Я прочел: «Зигфрид и Сумерки богов». Я увидел одну из иллюстраций Артура Рэкема. К тому моменту я еще не слыхал о Вагнере и Зигфриде и решил, что «сумерки богов» – это сумерки, в которых жили боги. Но откуда-то я знал, что это не кельтский, не лесной, вообще не земной сумрак. Я сразу ощутил их «северность», увидел огромное ясное пространство, дальние пределы Атлантики, сумрачное северное лето, далекое суровое небо… и тут же я вспомнил, что уже знал это давно-давно (так давно, что и ныне прожитые годы вроде бы ничего не прибавили к этому сроку), я вспомнил «Драпу Тегнера» и понял, что Зигфрид, кто бы он ни был, пришел из того же мира, что Бальдр и летящие к солнцу журавли. Я опрокинулся в собственное прошлое, и сердце мое пронзило воспоминание о той Радости, которую я знал, которой на многие годы лишился. Теперь я возвращался в собственную страну из изгнания и пустыни, и Сумерки богов, и моя прежняя Радость, равно недостижимые, слились в единое невыносимое желание и чувство утраты, которая тут же преобразилась в утрату самого этого переживания – едва я успел окинуть взглядом пыльный школьный класс, словно человек, приходящий в себя после обморока, в тот самый миг, когда я готов был сказать: «Вот оно!», все закончилось. И вновь я обреченно понял, что это – единственное, чего стоит желать.

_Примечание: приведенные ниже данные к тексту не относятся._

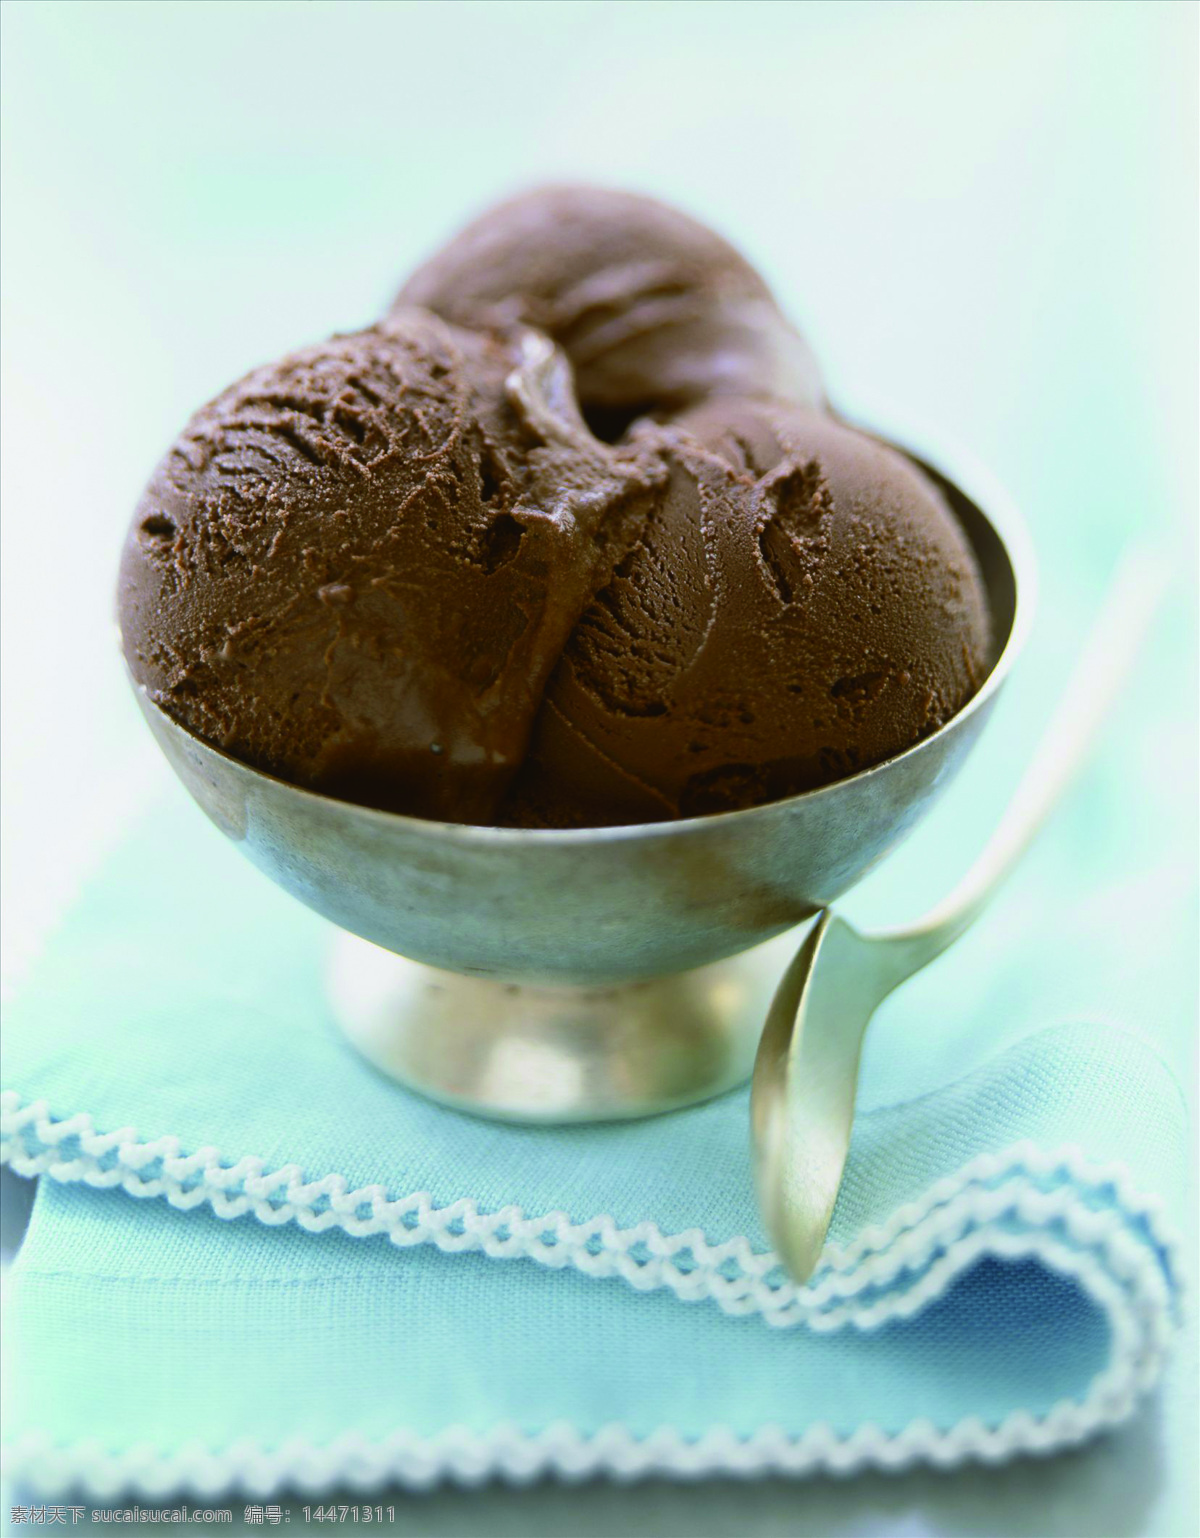 巧克力冰激凌 巧克力 冰激凌 巧克力球 冷饮 美食 餐饮美食 西餐美食

Дальше все ложилось одно к одному. Отец еще раньше подарил нам граммофон. К тому времени, как я прочел слова «Зигфрид и Сумерки богов», я был уже хорошо знаком с каталогами граммофонных пластинок, но не догадывался, что записи опер, эти причудливые немецкие и итальянские названия, так важны для меня; и еще целую неделю не догадывался об этом. А потом снова получил весточку, уже другим путем. В журнале «Саундбокс» еженедельно печатали либретто великих опер и как раз тогда принялись за «Кольцо нибелунга». Я читал с упоением – теперь я узнал, кто такой Зигфрид и что такое Сумерки богов, и не удержался – сам начал писать поэму, героическую поэму по Вагнеру. Единственным образцом были отрывки, опубликованные в «Саундбоксе», и я, по неведению, читал не «Альберих», а «Олбрич»; не «Миме», а «Майм». Образцом для меня послужила «Одиссея» в переложении Поупа, и поэма начиналась с призыва к Музам (как видите, у меня смешались различные мифологии):
Сойдите на землю, о девять небесных сестер,
Чтоб старые Рейна легенды достойно воспеть!
Четвертая песнь поэмы кончалась сценой из «Золота Рейна»[51], и ничего удивительного, что этот эпос не был завершен. Но я не зря тратил время – я точно могу сказать, какую пользу принесла мне эта поэма и когда именно. Первые три ее песни (спустя столько лет я могу говорить об этом без ложной скромности) были очень неплохи для школьника. В начале четвертой песни, которую я не сумел закончить, все рассыпалось – именно в ту минуту, когда мне захотелось по-настоящему писать стихи. Покуда было достаточно не сбиваться с ритма, подбирать рифму да следовать своему сюжету, все шло хорошо. В начале четвертой песни я попытался передать свое глубокое чувство, начал искать неочевидные, таинственные слова. И потерпел поражение, утратив ясность прозы; сбился, задохнулся, смолк – но узнал, каково писать стихи.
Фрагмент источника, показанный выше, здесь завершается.